- _INFORMATION SUPPLIED_
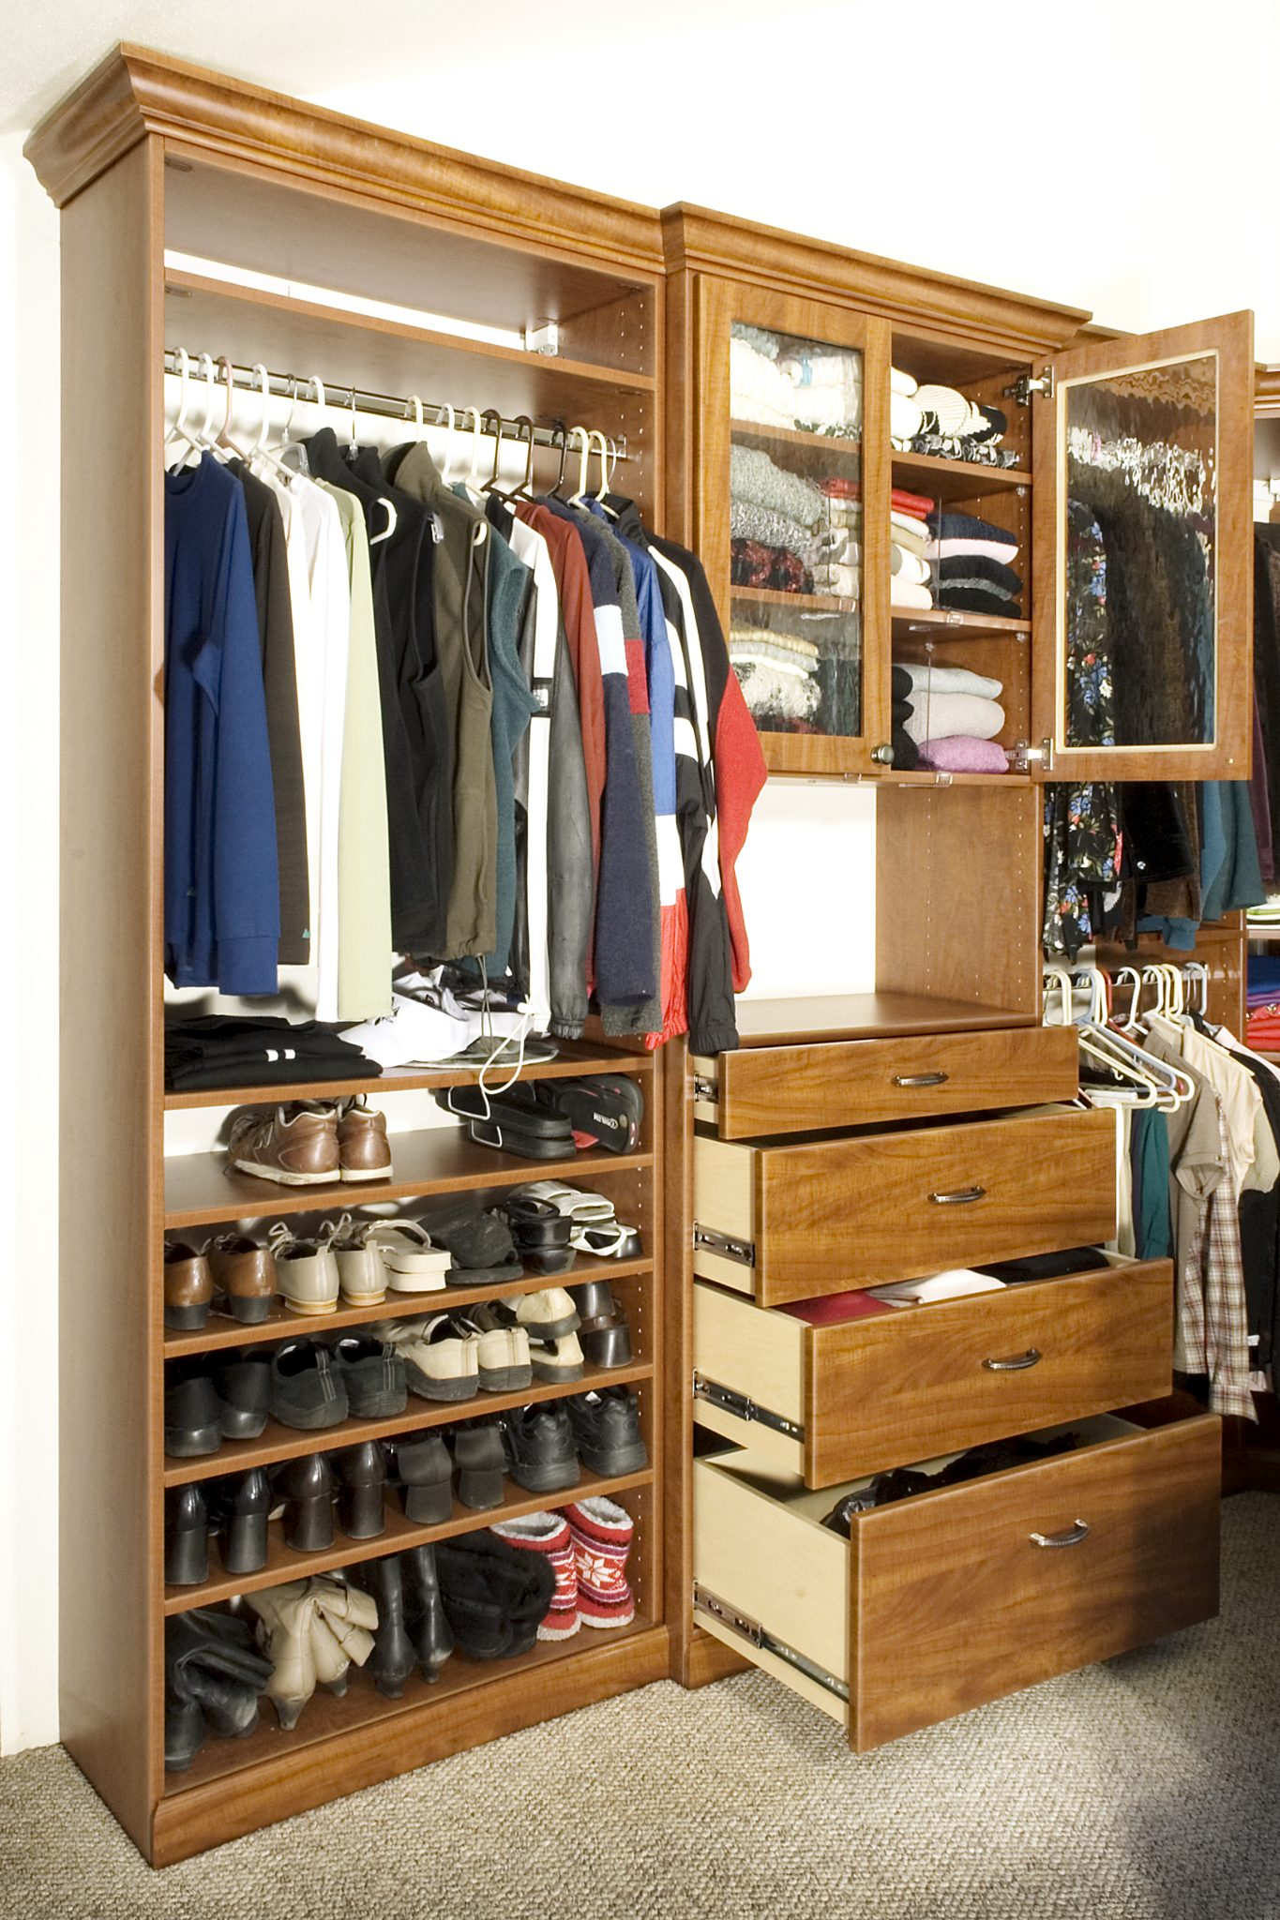 Superieur Closet Redesign Experts In Denver. Walk In Closet, Custom Closet, Small  Space Experts
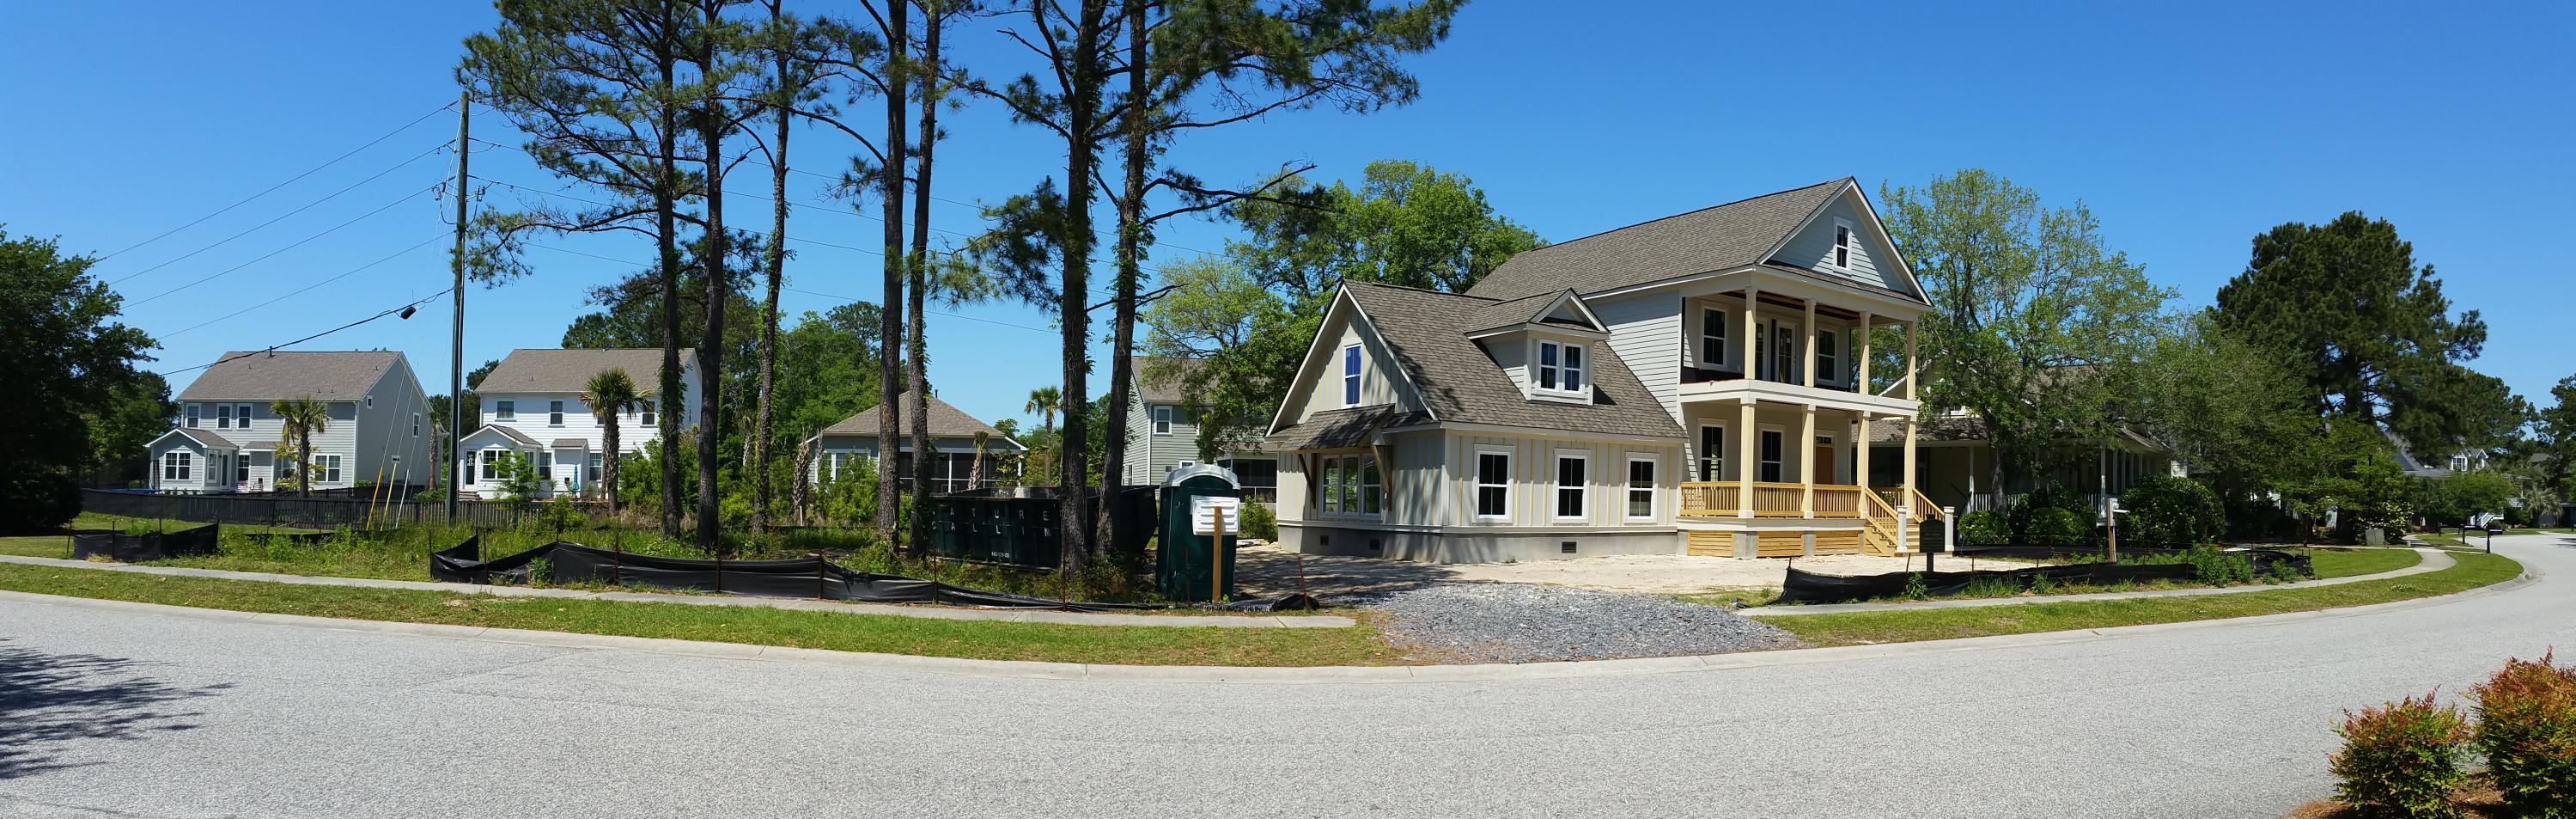 Grassy Creek Homes For Sale - 385 Shoals, Mount Pleasant, SC - 14
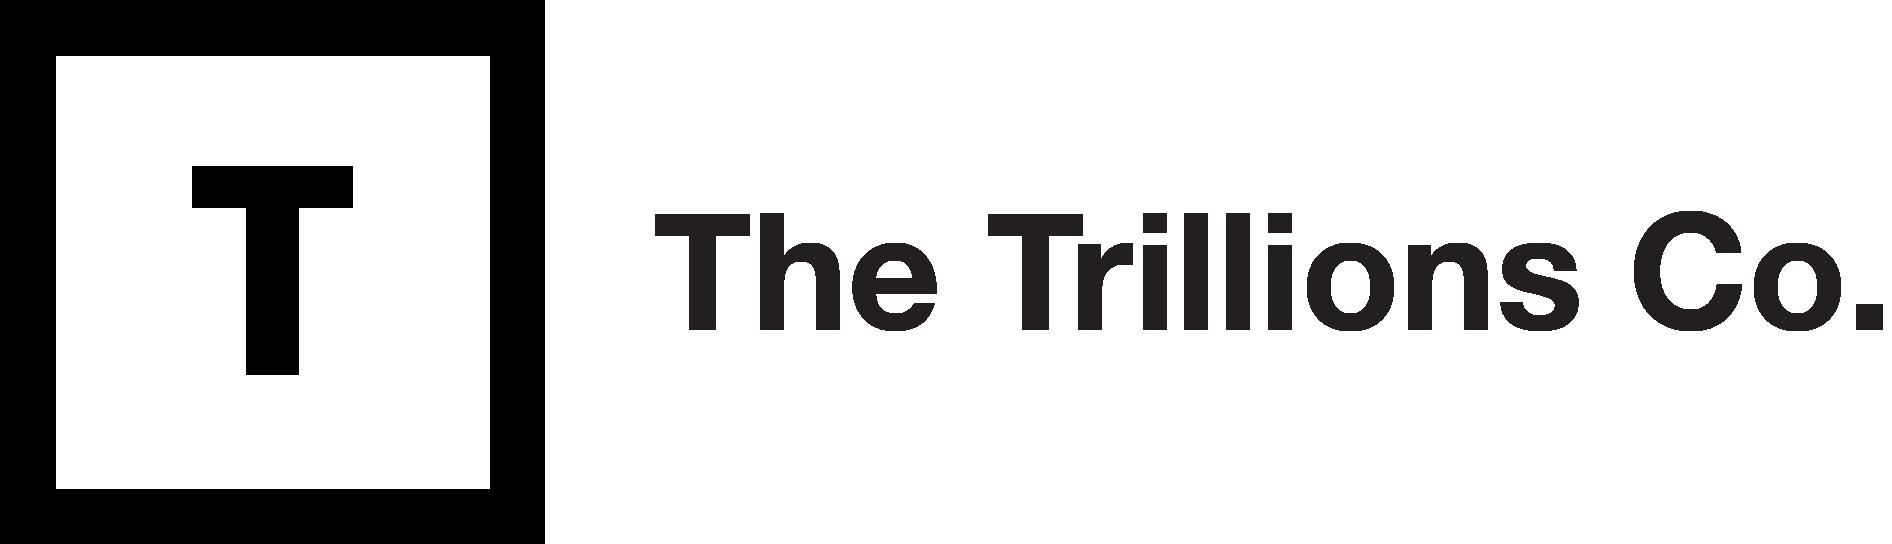 Trillions_logo_black.png

- _YOUR GOAL_
Print the listing exactly, images excluded.

- _RESPONSE AREA_
 Superieur Closet Redesign Experts In Denver. Walk In Closet, Custom Closet, Small  Space Experts
 Grassy Creek Homes For Sale - 385 Shoals, Mount Pleasant, SC - 14
 Trillions_logo_black.png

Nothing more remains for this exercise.